Она глянула на меня. В желтоватой полутьме я видел ее глаза — пытливые, изучающие. Но не было в них никакого обещания, просто она повернулась и посмотрела мне в лицо, которое от этого чуть заметно дрогнуло.
Белая равнина уходила в темную даль. Выплыли из мрака тусклые огоньки, побежали заборы, несколько крыш, заваленных снегом, заметенная деревенская площадь. Ледяное чудовище — зима — ежесекундно меняло свой облик.
— Два мужика, оба водители! Не страшно, если воткнемся в сугроб, с дороги съедем. Жми, Бальцар, блесни перед начальником! Скорее в Брод…
«Татра» — тяжелый грузовик, пятнадцать тонн вместе со щебнем, и все же на поворотах нас то и дело слегка заносило, а на подъемах колеса временами пробуксовывали.
— Радковице, — назвал я тусклые огоньки, мимо которых мы проезжали.

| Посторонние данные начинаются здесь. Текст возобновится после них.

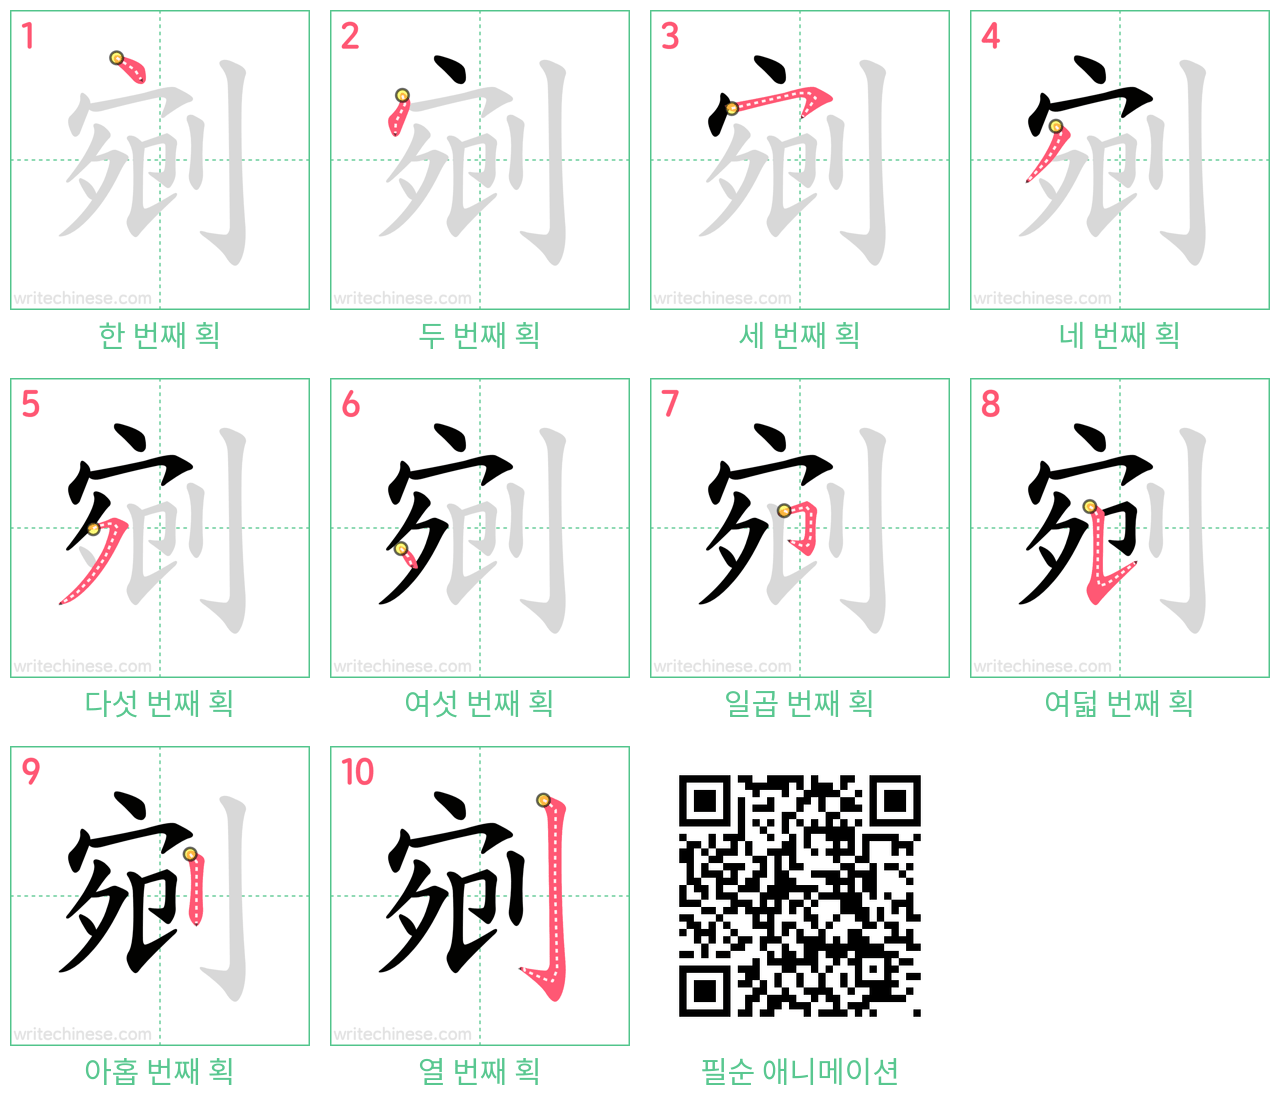 剜 step-by-step stroke order diagrams

Наша «татра» прогрохотала между низенькими домиками, швыряя им в окна кучи снега, затем крутой поворот возле замерзшего пруда — поворот этот скорее угадывался — вывел нас к возвышенности, поросшей сосновым бором, самым красивым, какой я когда-нибудь видел. Распластанные на плоской возвышенности поля спали.
— Спешить надо, — изрек после долгого молчания Бальцар. — Нападает еще снегу — неделю будем добираться до Брода. Илона, погляди-ка, где там канава, не съехать бы!
— Не могу. У двери Зборжил сидит. Зборжил, следите-ка вы за дорогой, поломайте глаза! Только, чего доброго, косить не начните!
— Не бойся, Илона.
— А то косить вам не к лицу… И следите, чтоб водитель не заснул. Это тоже входит в обязанности напарника. А застрянем — моментально выскакивайте. Лопата в кузове. Набросайте под колеса щебню. Это тоже моя обязанность.
— Не может быть!
— Потом надо вытащить трос и привязать его к ближайшему дереву, чтоб выдернуть машину из канавы.